- There is a substantial need for better treatments for DLBCL, which has low survival rates at five years; there are an estimated 20,000 new cases of DLBCL in the U.S. each year
- The ZEST study follows multiple Phase 2 clinical trials supporting advancement of ZEVALIN into a registrational-quality study in aggressive lymphoma; results from the largest of the studies, presented at the 2012 European Hematology Association annual meeting, showed an 84% 5-year overall survival (OS) rate and 75% 5-year progression-free survival (PFS) in older patients with stage II-IV DLBCL who received ZEVALIN following R-CHOP
- The ZEST (Zevalin Evaluation as Sequential Therapy) study will compare the ZEVALIN therapeutic regimen to observation in patients with newly diagnosed stage II, III, or IV DLBCL who are 60 years of age and older and who are in complete remission after first-line R-CHOP or R-CHOP like chemotherapy for their disease
- Primary endpoint is overall survival; secondary endpoints include 2-year OS rate and PFS
Additional ZEVALIN clinical studies in aggressive lymphoma include the SPINOZA (Study with Preparatory INduction Of Zevalin in Aggressive lymphoma) trial, which to date has randomized 39 patients receiving autologous stem cell transplantation (ASCT) for relapsed DLBCL
HENDERSON, NV, USA I September 19, 2012 I Spectrum Pharmaceuticals, Inc. (SPPI), a biotechnology company with fully integrated commercial and drug development operations with a primary focus in oncology and hematology, today announced initiation of patient enrollment in the Company’s randomized Phase 3 ZEST (Zevalin Evaluation as Sequential Therapy) trial of ZEVALIN® (ibritumomab tiuxetan) Injection for intravenous use for first-line consolidation in patients with diffuse large B-cell lymphoma (DLBCL) who achieved remission following R-CHOP chemotherapy (rituximab, cyclophosphamide, doxorubicin, vincristine, and prednisone). The study will assess overall survival (OS) and progression-free survival (PFS) in patients 60 years and older. Patients will consist of newly diagnosed Stage II – IV DLBCL patients with a complete response after the standard six courses of R-CHOP. They will be randomized between observation and ZEVALIN treatment.

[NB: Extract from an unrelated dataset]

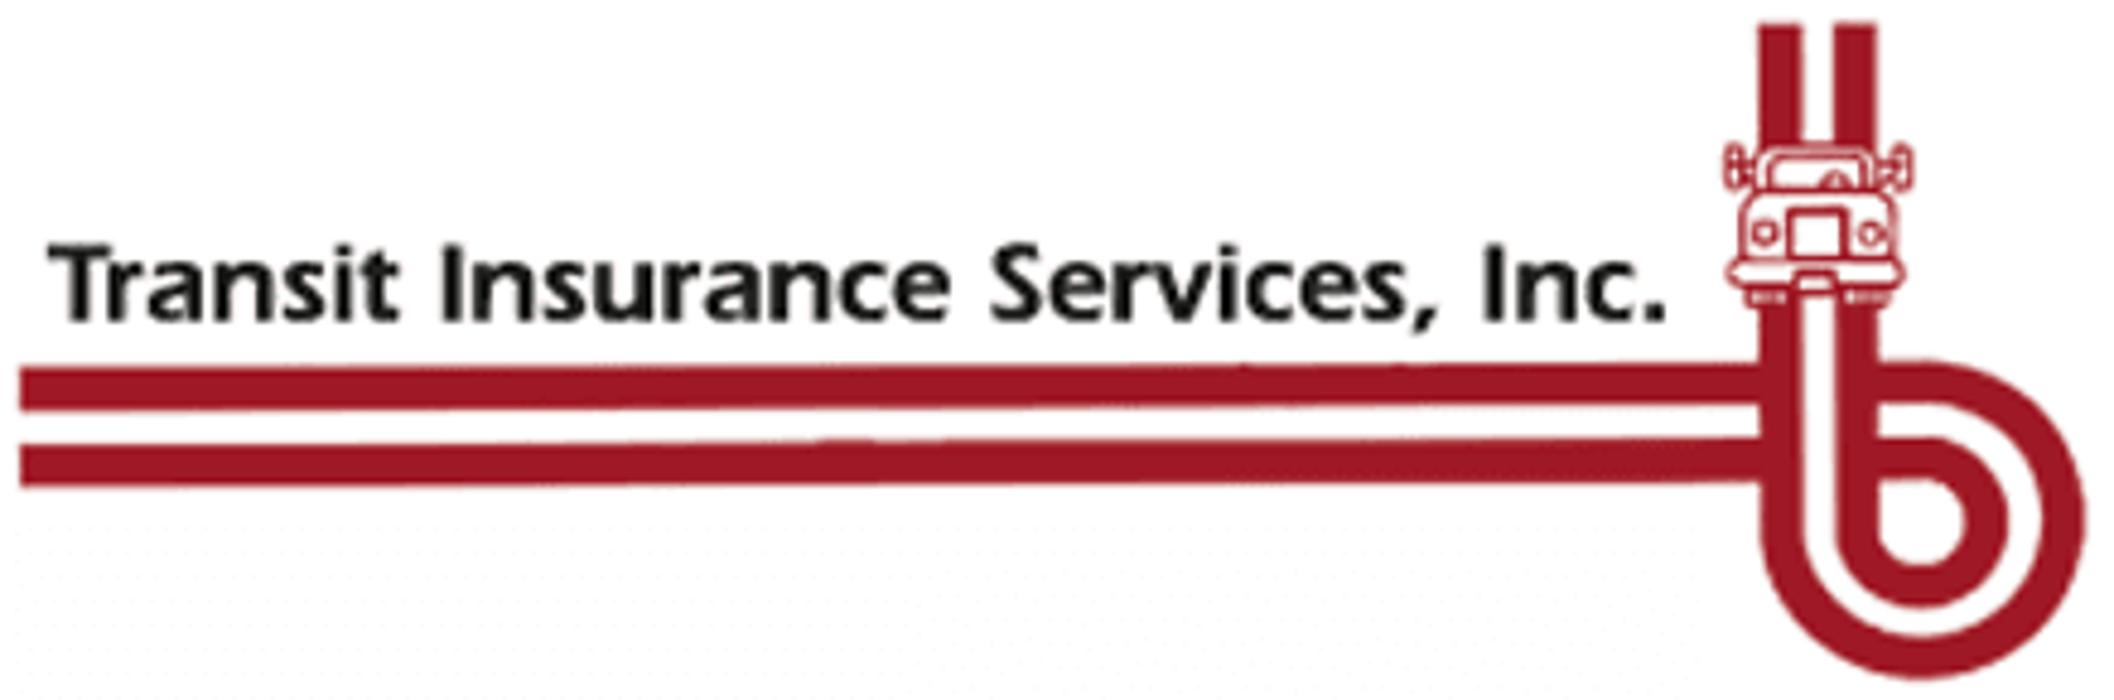 Transit Insurance Services - Ontario, CA

“Initiation of the ZEST trial, together with our commitment to the ongoing SPINOZA trial in patients with relapsed DLBCL who receive autologous stem cell transplantation, represent a comprehensive clinical program to determine the full potential of ZEVALIN in DLBCL, the most common form of non-Hodgkin’s lymphoma in which there is substantial unmet need, especially in older patients,” stated Rajesh C. Shrotriya, M.D., Chairman, President and Chief Executive Officer of Spectrum Pharmaceuticals, Inc.
Dr. Shrotriya continued, “Spectrum has a number of near-term and long-term clinical milestones for ZEVALIN, including presentations at major medical meetings, both internationally and in the US, such as at ASH and ASCO. In addition, a patient initiative launched earlier this year and the acquisition of marketing rights in the EU should have a strong impact on increasing awareness of the value of this important product for the global lymphoma community.”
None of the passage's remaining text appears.